INSTRUCTIONS FOR THE TASK: Pictures stay out; please output the remaining data exactly.

DATA:

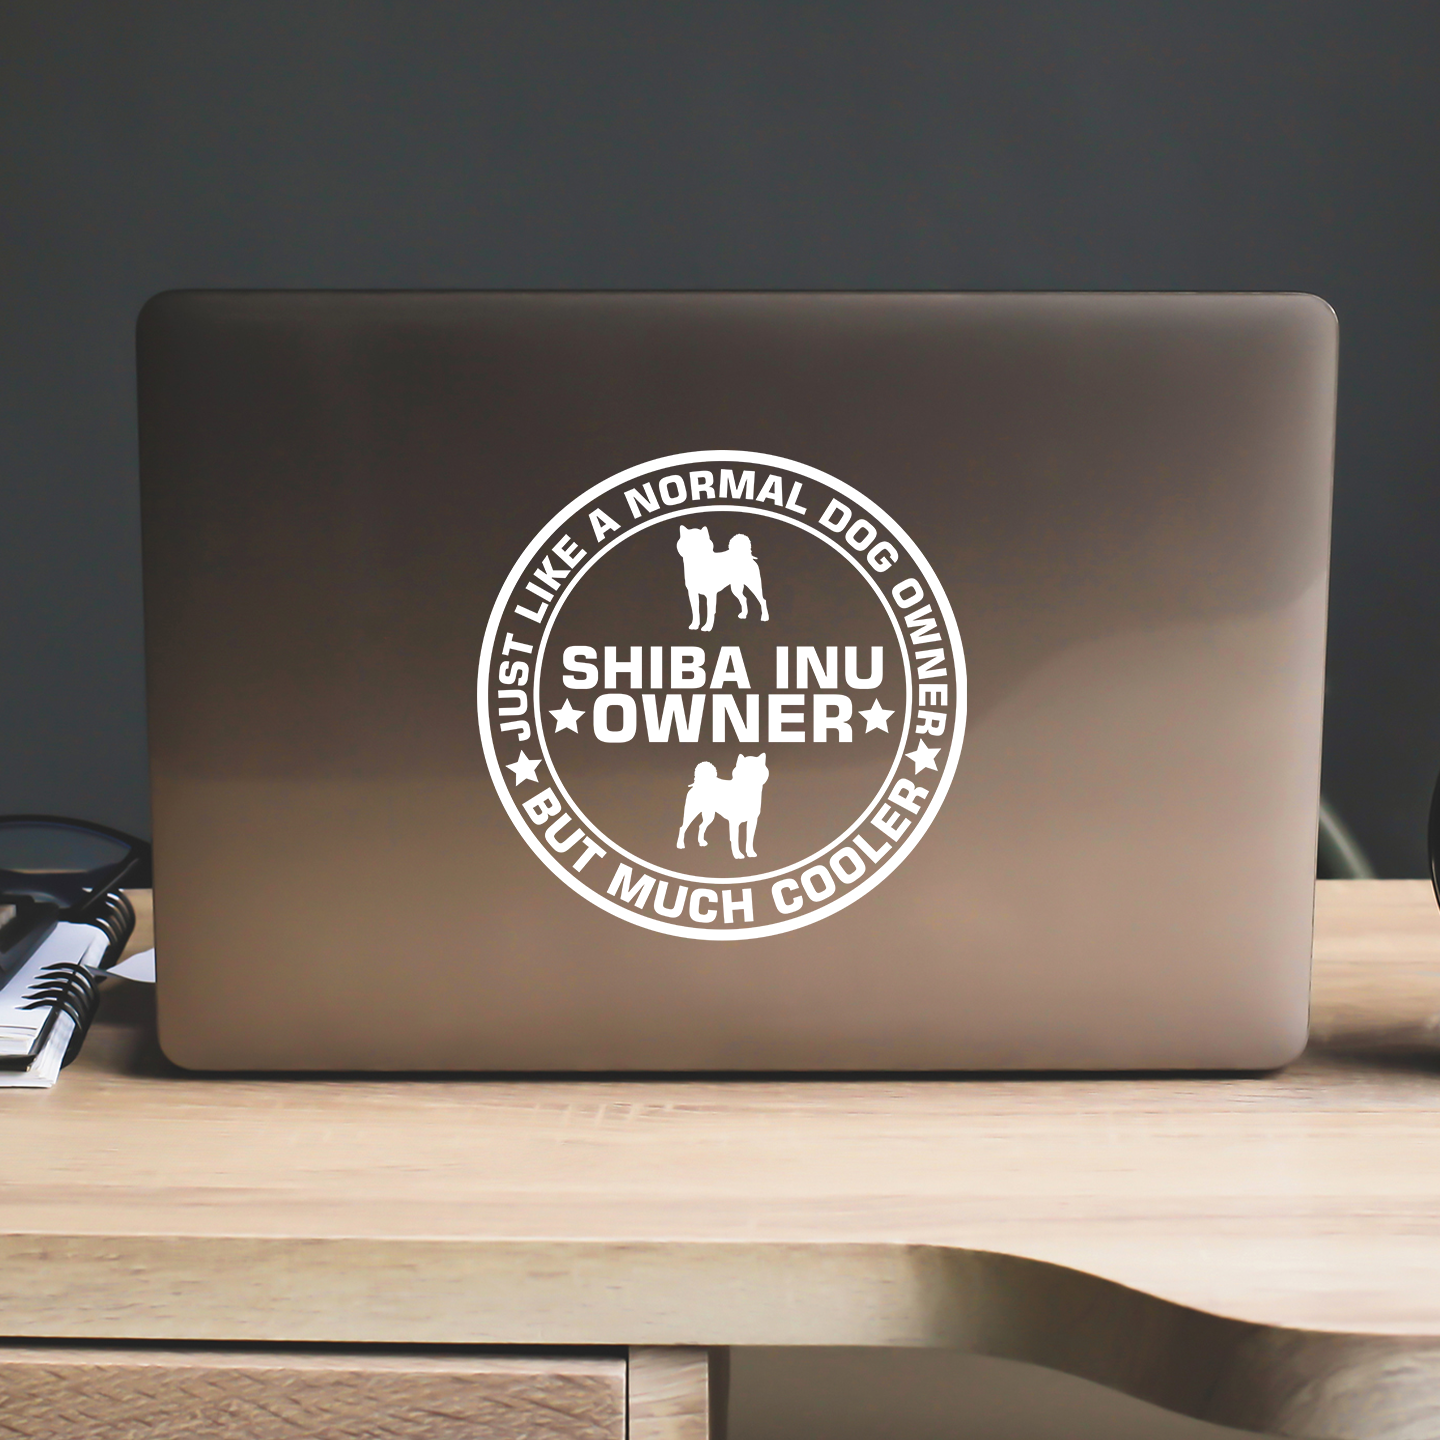 Shiba Inu Owner Sticker
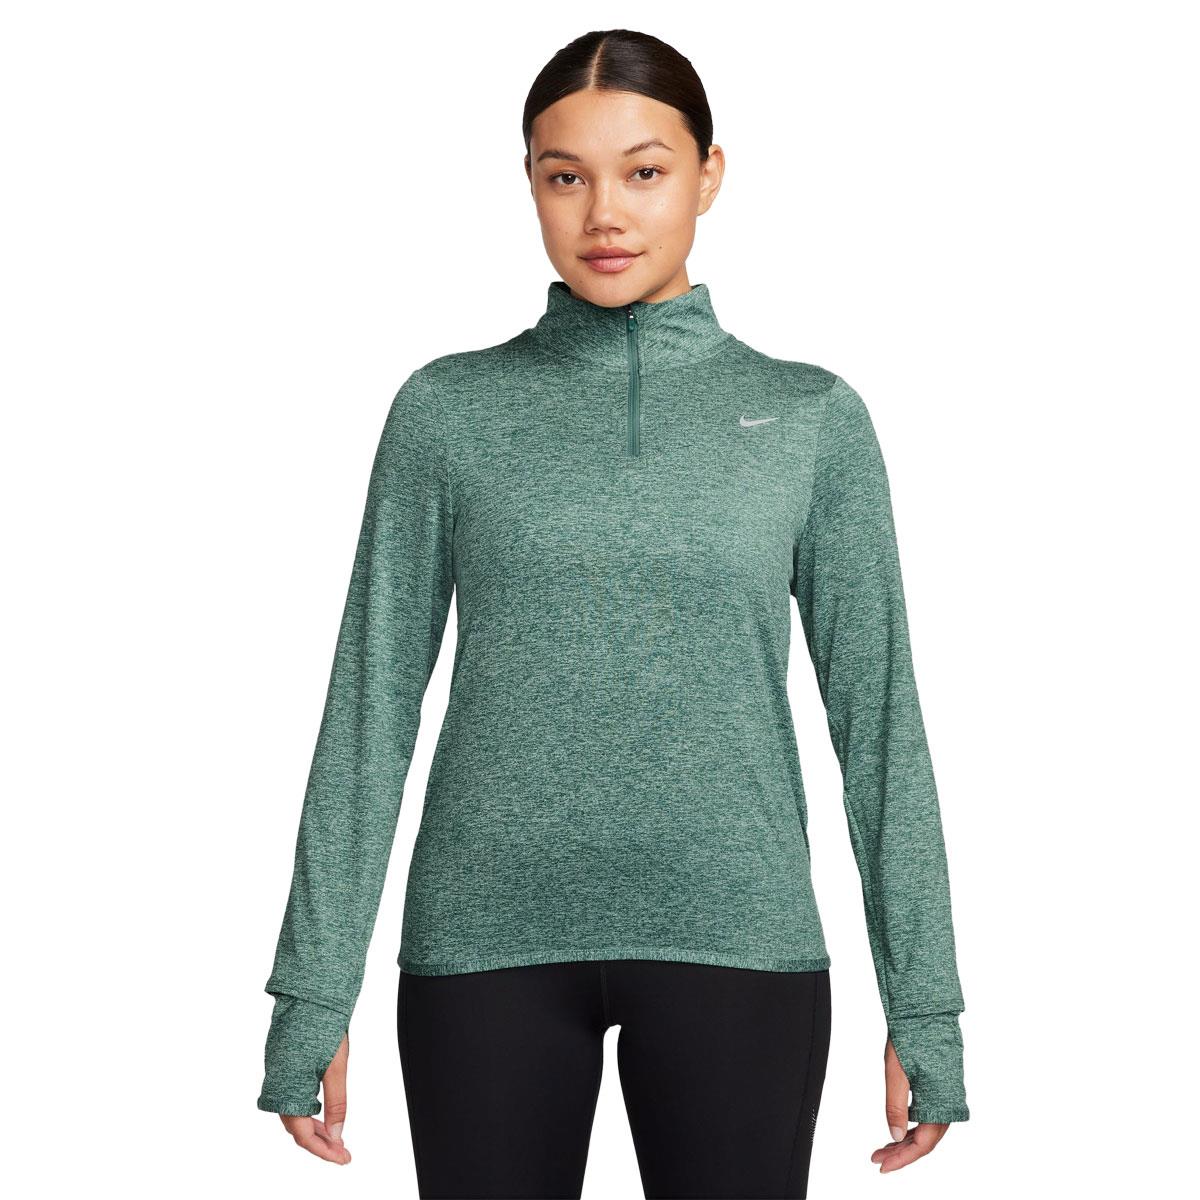 Nike Womens Dri-FIT Swift Element UV 1/2 Zip Running Top Green S
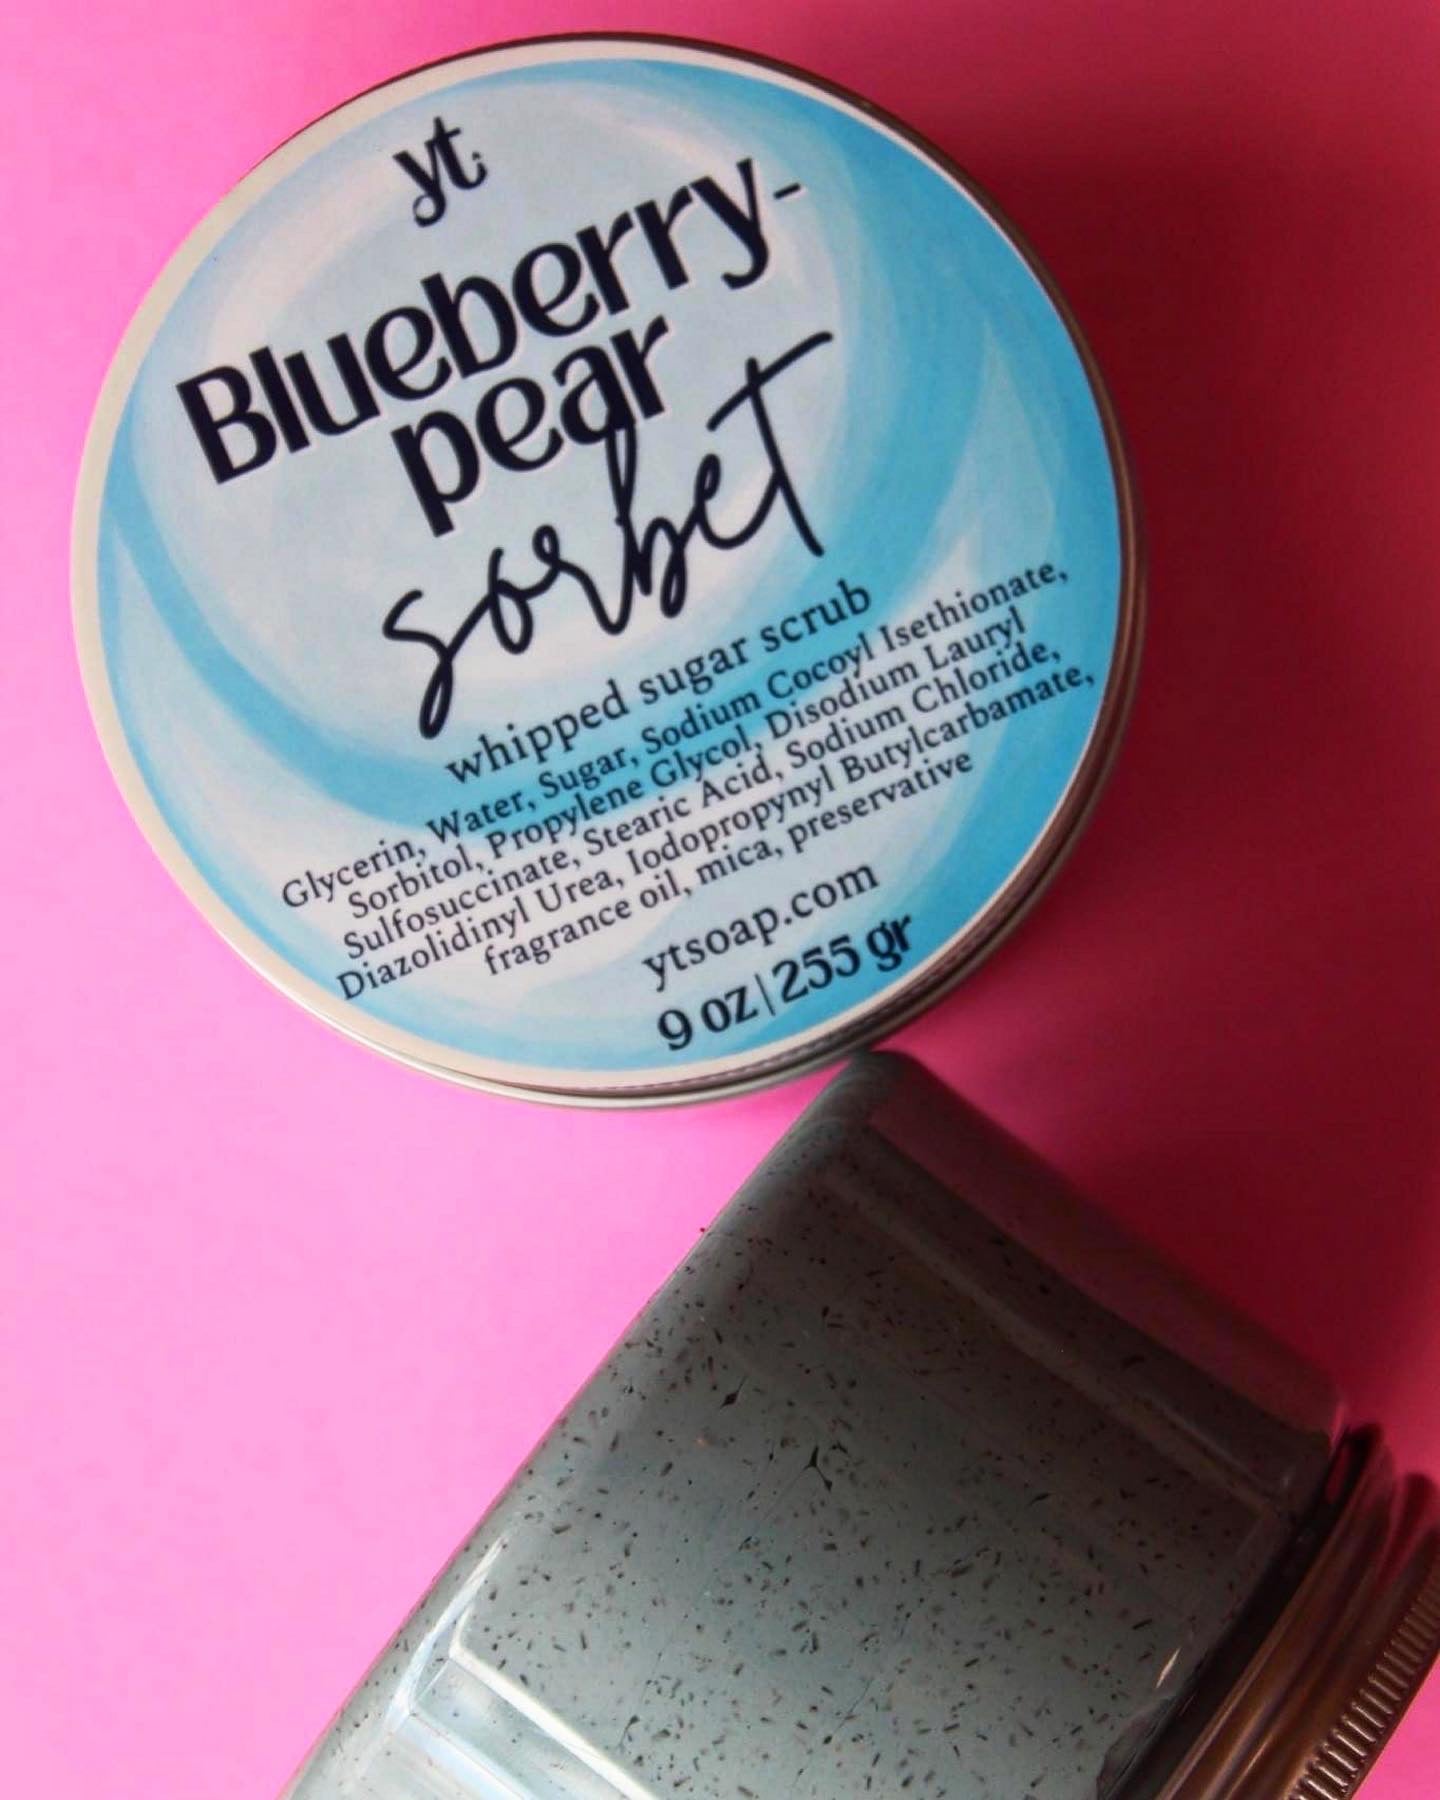 Blueberry-Pear Sorbet, whipped sugar scrub soap

OUTPUT FOR THIS EXERCISE:
 Shiba Inu Owner Sticker
 Nike Womens Dri-FIT Swift Element UV 1/2 Zip Running Top Green S
 Blueberry-Pear Sorbet, whipped sugar scrub soap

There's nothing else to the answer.